Мама воззвала к Франку, и он подтвердил:
— Сартр близок к коммунистам, но в партию не вступил. Он прежде всего интеллектуал.
Папа предпочел уйти от скользкой темы и вознамерился объяснить Энцо тонкости игры, хотя чаще всего проигрывал ему. Энцо слушать не пожелал:
— Хочу напомнить — в нашей последней партии я поставил тебе мат.
— Давно, после войны. Пожалуй, мне стоит на днях заглянуть в этот клуб.
Мамин взгляд означал, что ей эта идея совсем не нравится, и я понял, что приближается гроза.
— А ты что делал в том бистро? Сколько раз я просила тебя не болтаться без дела? Ты, похоже, забыл об отметках по математике, иначе не вел бы себя подобным образом! Я запрещаю тебе таскаться по сомнительным заведениям! Все ясно?
Произнеся эту гневную тираду, мама вышла. Франк злорадно осклабился, а папа попытался меня утешить:
— Будет так, и никак иначе.
Вот так я в один день открыл для себя Кесселя, Сартра и Камю.
Конечно, я туда вернулся. Открыл дверь. Постепенно познакомился с членами клуба. Все они были выходцами из Восточной Европы. Венгры, поляки, румыны, немцы из ГДР, югославы, чехословаки, русские — о, простите, советские граждане, — один китаец и один грек. Большинство страстно любили шахматы. Двое или трое терпеть их не могли, не играли и все-таки каждый день приходили в «Бальто». Больше им некуда было пойти. Венгры предпочитали карты: правила знали только они, никто другой постичь их был не в состоянии. На столике в углу лежали шашки, но прикасались к ним только Вернер и папаша Маркюзо. Когда кто-нибудь хотел поддеть партнера, говорил, кивая на стол:
— Шахматы — слишком сложная игра, может, переключишься на шашки?

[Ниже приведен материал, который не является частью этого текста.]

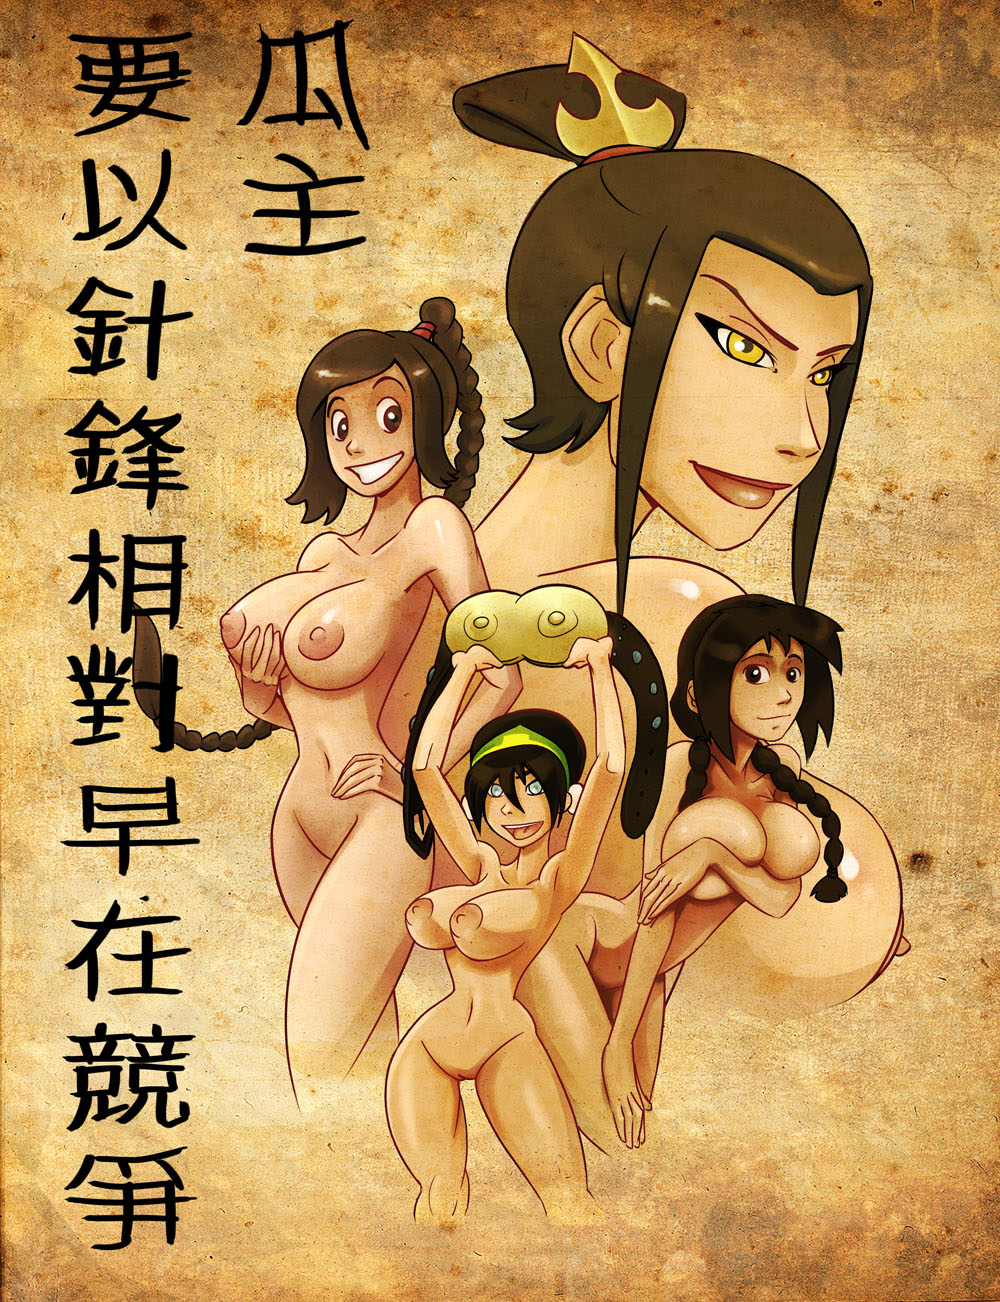 the jin hentai last avatar airbender Breath of the wild topaz

У всех членов клуба много общего. Они бежали из родных стран при драматичных или фантастических обстоятельствах, оставались на Западе во время командировки или дипломатического визита. Одни никогда не состояли в компартии и годами скрывали от окружающих свои истинные взгляды. Другие были коммунистами первого призыва и очень долго истово верили, что действуют во имя всеобщего блага, а потом осознали весь ужас системы и обнаружили, что попали в собственную ловушку. Некоторые оставались коммунистами, хотя родная партия от них открестилась, а ФКП не пожелала принять предателей в свои ряды. «Они хуже предателей, — утверждал Франк. — Они — ренегаты!» Эти самые «ренегаты» вели бесконечные споры, искали самооправдания и задавались вопросами без ответов: «Почему ничего не вышло? Где мы допустили ошибку? Что, если Троцкий был прав? Во всем виноват Сталин или мы его подельники, читай — чудовища? Мы тоже виноваты?» Худшим из всех был вопрос о том, не является ли социал-демократия решением проблемы. На эту тему велись самые жаркие и злые споры. Страсти утихали только из-за языковых различий. Игорь, один из двух основателей клуба, предписывал всем говорить только по-французски и то и дело одергивал товарищей:
— Мы во Франции, значит говорим по-французски. Хочешь говорить по-польски, возвращайся в Польшу. Я — русский. Я хочу понимать твои слова.
* * *
Они выбрали свободу, покинув жен, детей, семьи и друзей. По этой самой причине в клубе не было женщин. Своих спутниц они оставили на родине. Они были тенями, париями — без денег, с дипломами, которых никто не признавал. Жены, дети и родина жили в их памяти и сердцах. Они хранили им верность. Редко говорили о прошлом, занятые тем, чтобы заработать на жизнь и найти в ней хоть какой-то смысл. Уйдя на Запад, они отказались от удобных домов и успешной карьеры. Они не думали, что день завтрашний окажется таким невыносимо трудным. Некоторые за несколько часов превратились из высокопоставленных функционеров и руководителей крупных предприятий в бездомных бродяг, и это падение было столь же невыносимым, как одиночество и ностальгия. Многие находили политическое убежище во Франции, помыкавшись и постранствовав по миру. Здесь было куда лучше, чем в отвергших их странах, здесь была родина прав человека, конечно, если ты умел помалкивать и не предъявлять слишком высоких требований. Они все время повторяли, как заклинание: «Мы живы и свободны». Однажды Саша сказал мне: «Разница между нами и остальными заключается в одном: они — живые, мы — выжившие. Если ты выжил, грех жаловаться на судьбу, это было бы оскорблением тех, кто остался там».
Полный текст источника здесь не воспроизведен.